# Solved: Internet Cuts Out Every 20 Minutes?



## GattonDweller (Jun 20, 2009)

Ok so for the last few months my internet has been cutting out all the time. I have Bigpond ADSL broadband and there are three computers on the network. All of them have been cutting out. I have bought several new modems, called the Telstra guy, done everything I can think of... But nothing works.

At first I just figured it was all random and whatnot, but over the past few days I decided to write down the times that it cut out. First time it went at 7:35, 7:55, 8:15, 8:25, 8:55, 9:10 and 9:35... Then I stopped monitering it. About 2 days later I decided to moniter it again, this time it was more regular, every 20mins. 10:05, 10:25, 10:45, 11:05 etc.
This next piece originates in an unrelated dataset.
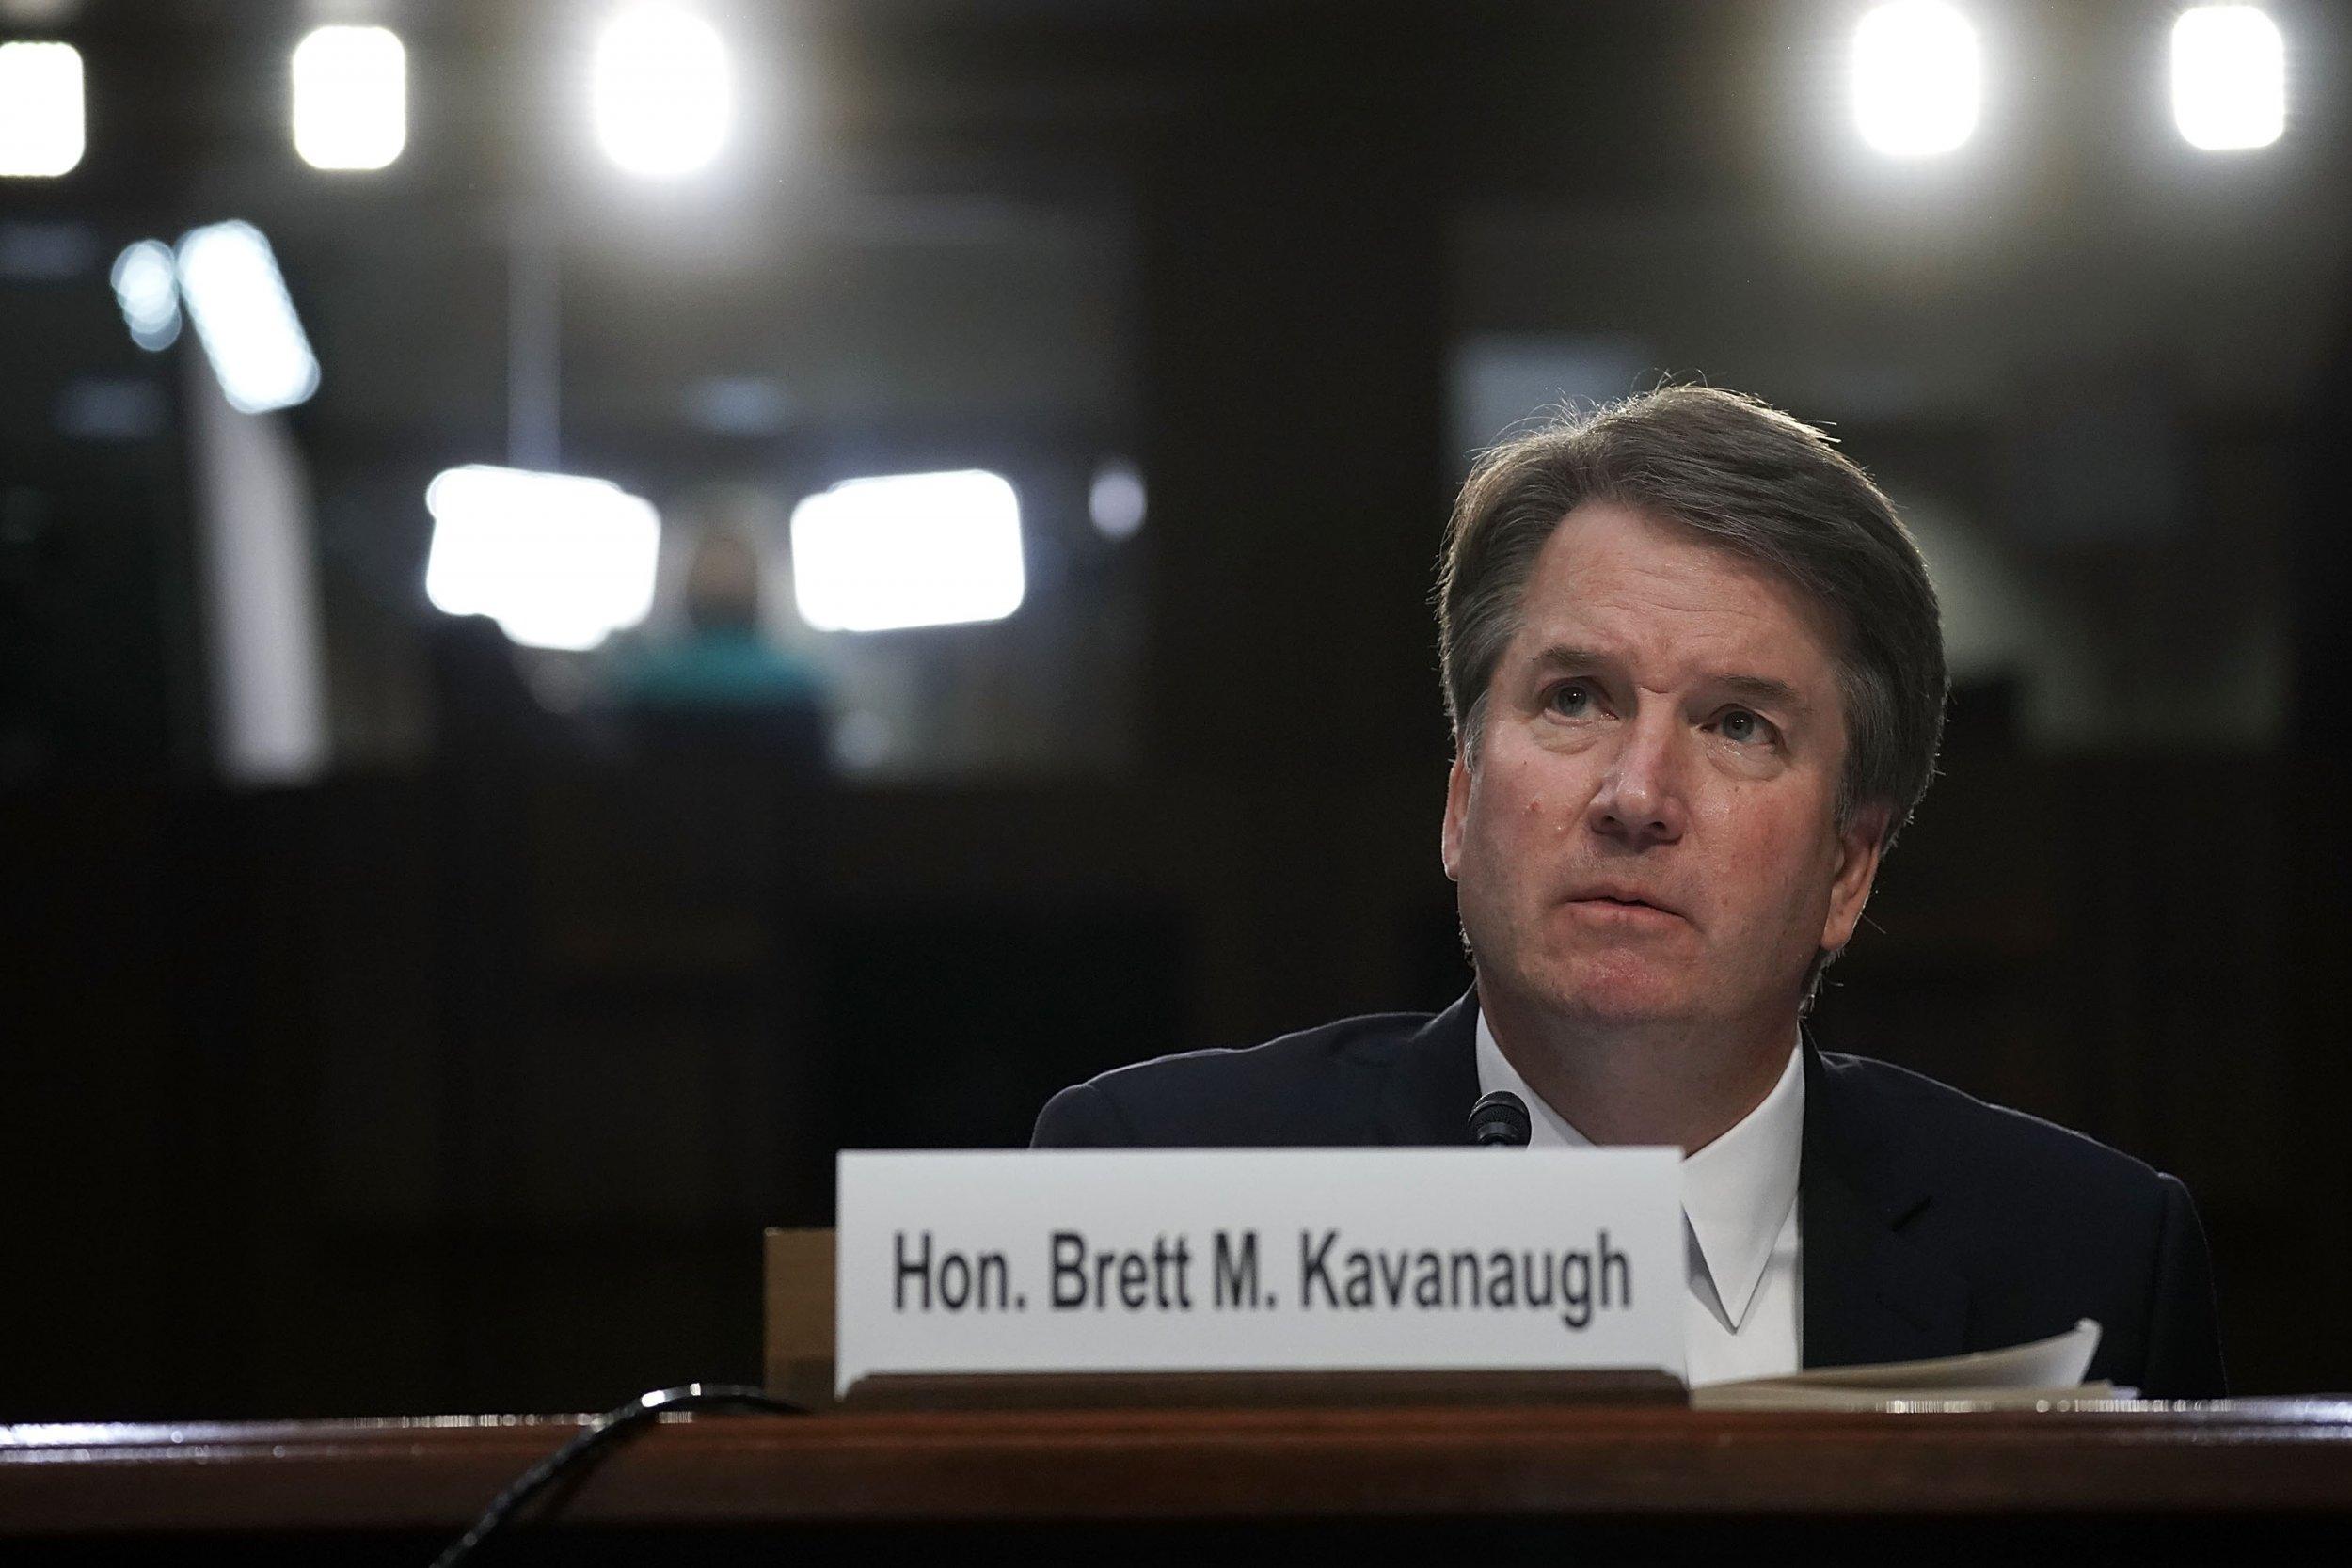 christine ford brett kavanaugh speak to senate
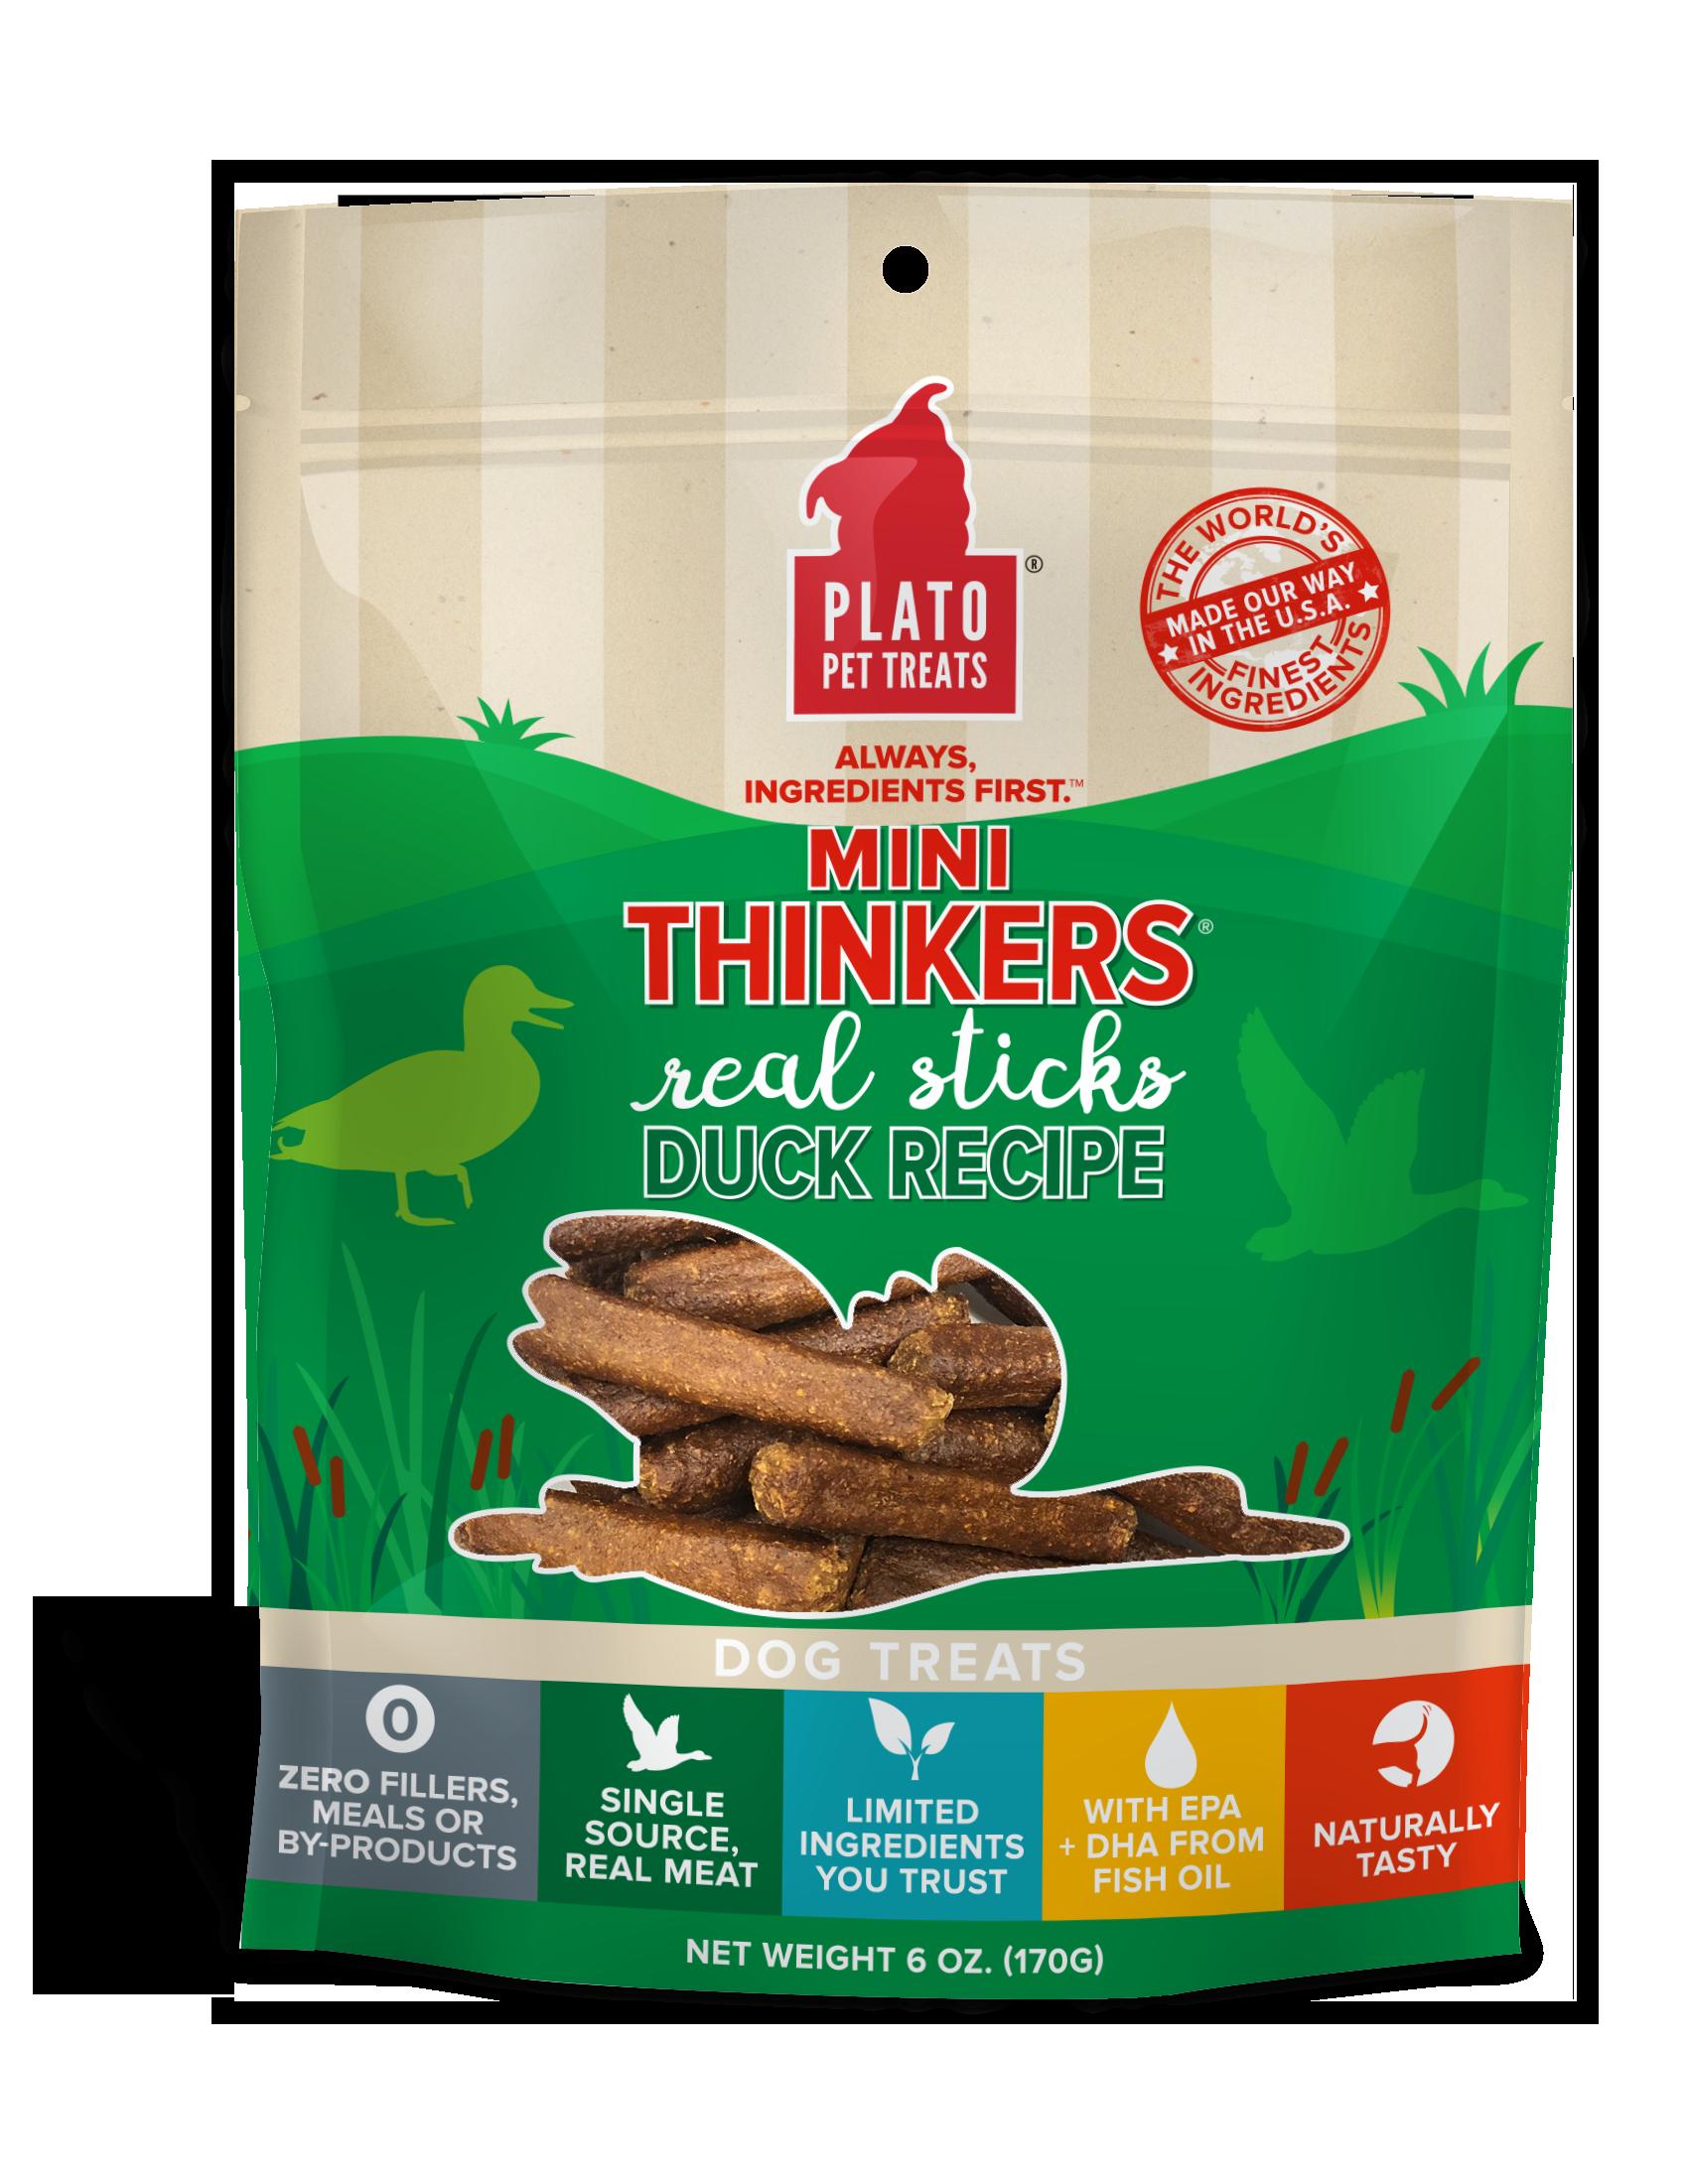 Plato Pet Treats Mini Thinkers Duck Meat Stick Dog Treats Image

Does anyone know what the problem could be or how I could fix it?? Please help it is getting SO annoying...


----------



## Kioyoh (Jun 20, 2009)

I'm not an expert, but I'd recommend either calling the helpdesk and bothering them until they find a solution, or switching to a different provider.


----------



## pedroguy (Jan 28, 2001)

Welcome to TSG.
I agree with the above post.When you lose connectivity,take a look at your modem and tell us what lights are on/off/blinking.


----------



## GattonDweller (Jun 20, 2009)

Ohhk, so I looked at the lights on the modem like you asked... They all stay on, but the internet light and the light for my computer flicker like crazy... I dunno what that means but yer...


----------



## pedroguy (Jan 28, 2001)

If the internet light on the modem is red and flickering,this is an Isp or modem problem.'
Since you have replaced the modem,I'm thinking ISP here.
Every 20 mins is very suspicious.
If this were random,I would be thinking a problem with the network adapter,but that would be totally random.
And if all pc's cut out at the same time,Yells out ISP...


----------



## GattonDweller (Jun 20, 2009)

I contacted Bigpond (my ISP) and they sent out a guy that came and looked at it... But of course he couldn't find anything wrong with it and then billed us heaps... I guess I should just contact them again and bug them 'till they do something about it? lol


----------



## pedroguy (Jan 28, 2001)

And was the Bigpond guy there when it failed ?


----------



## HCD (Oct 29, 2007)

Firdtly you might want to ensure the router is connected to the master socket on the ADSL line coming in. If you are connected to an extension running off from the master -it may be this that's faulty. If that makes no difference get to technical support level (usually second level!) at Bigpond and ask them to look at dropping speed to 1mb for 24 hours. See if that maintains connection. If it does then get them to up the speed but drop the (I think it's called noise range) level from 12db to 10db, which will reduce interference and get speed back to max. I'm not familiar with all the technical aspects of line noise etc, but all of the above worked with a similar customer issue - admittedly on a British set up.


----------



## GattonDweller (Jun 20, 2009)

It's all good... Talked to Telstra for HOURS and finally squeezed a repair out of it. Turns out the connection from Bigpond to our line was faulty :/

Thank you everyone for your help


----------